With the world’s largest Catholic population, Scherer – an austere but well-respected workaholic who has close ties to the Vatican – was widely considered a favorite.
“I would say that Scherer is the best bet,” American John Allen Jr, a respected Vatican expert told Globo recently. “He has a good reputation and is admired here (in the Vatican).”
However, many Brazilians said they were not disappointed, and that a pope from any non-European country was a step forward.
“No, [I am not disappointed], because the pope will not just be a father to Argentina or to Latin America, but to the whole world,” Father Mauricio Cop, of the Lady Guadaloupe Church in Brasília, told The Rio Times.
“However, while he could have been from Europe and I would still be happy, that God chose for the first time a pope from another continent expresses the universality of the church,” he said.
Cardinal Bergoglio, who has taken the name Francis, is not a progressive choice.

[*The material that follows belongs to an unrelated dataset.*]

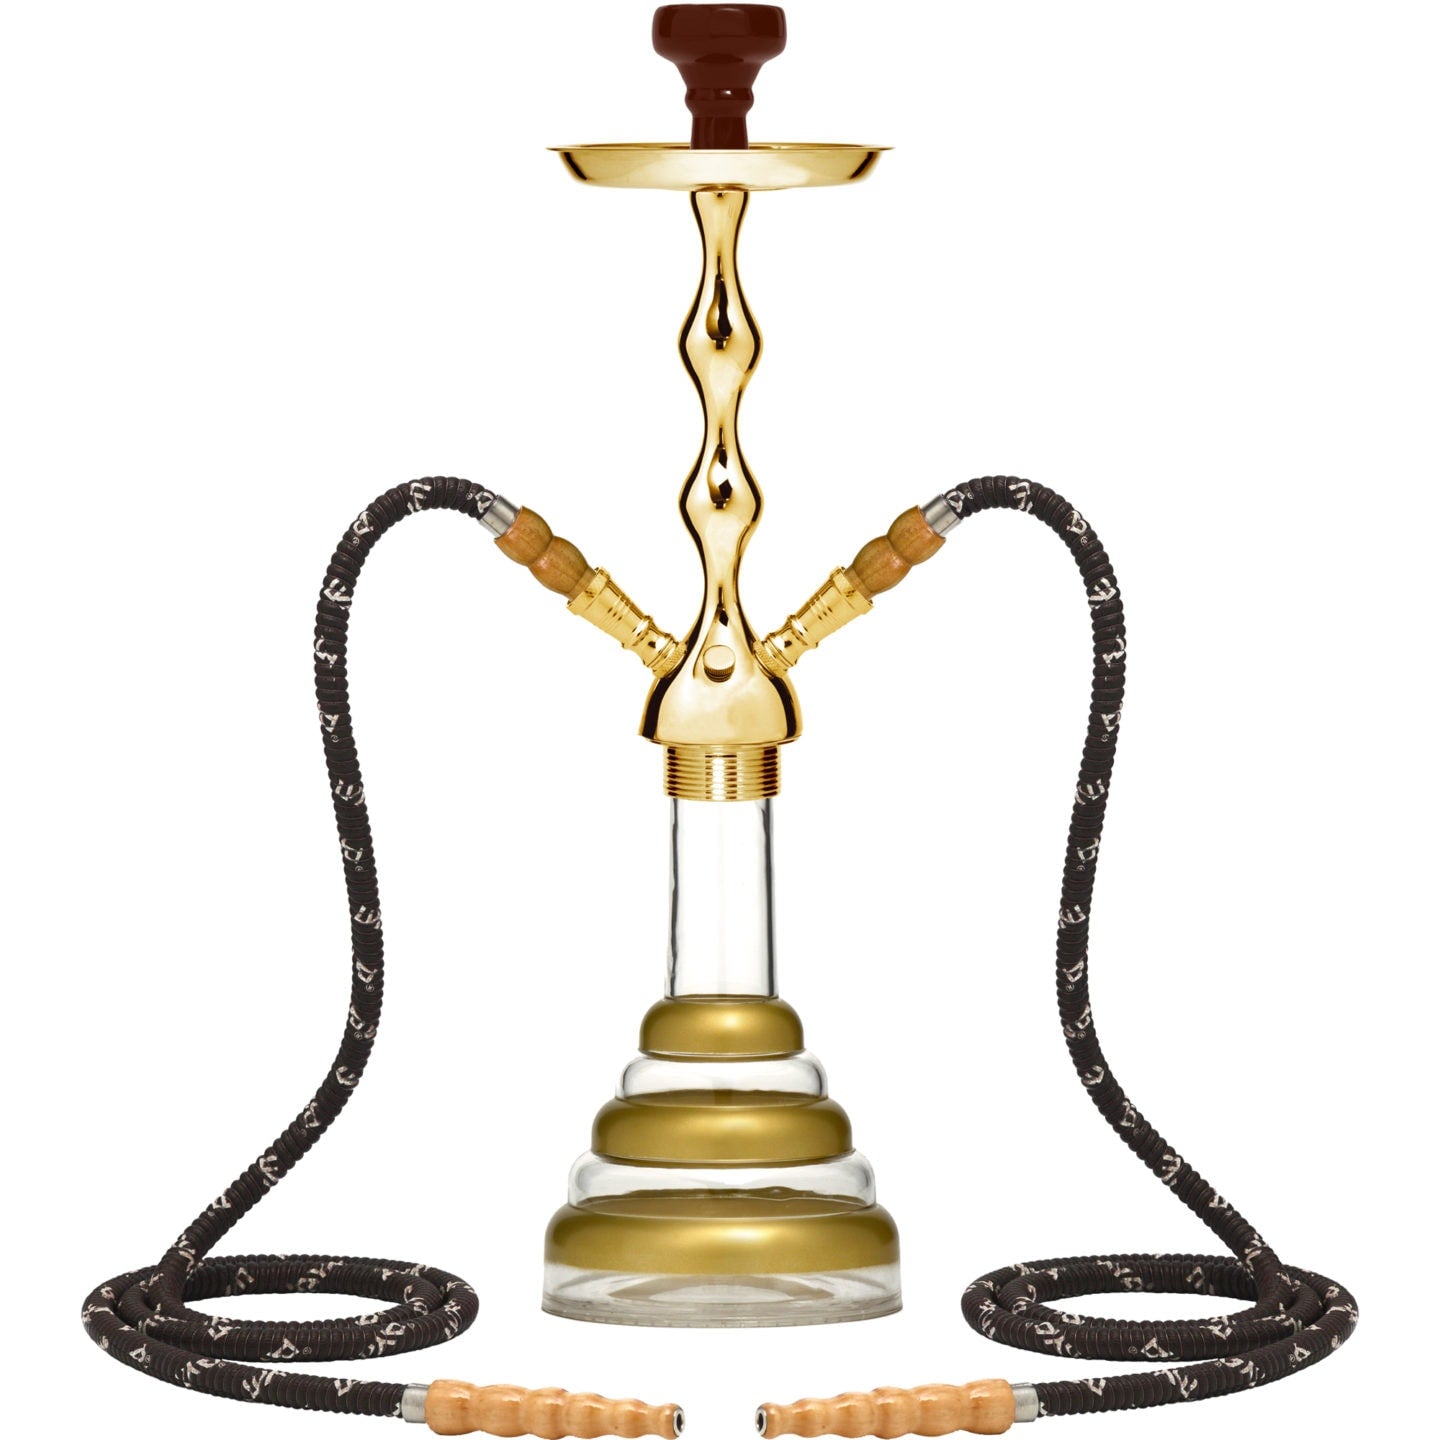 Gold Acrylic 2 Hose Gold Hookah #color_Gold

He vigorously opposed the Argentinian government’s plan support for a gay marriage bill, writing, “Let’s not be naive: this isn’t a simple political fight, it’s an attempt to destroy God’s plan.”
He is famous for tending to the poor and eschewing luxury; he lives in a small apartment, takes the bus and cooks his own meals.
“I see a man of great humility, who is a blesser of the people,” “When he worked in Buenos Aires he was known as helping the poorest people, of kissing the feet of people suffering with AIDS, and of caring for the sick,” said Father Cop.
Controversial stories have already started to emerge about Pope Francis; it was reported this morning that he has been accused of knowing about, and ignoring, human rights abuses and disappearances during Argentina’s Dirty War during the 1970s.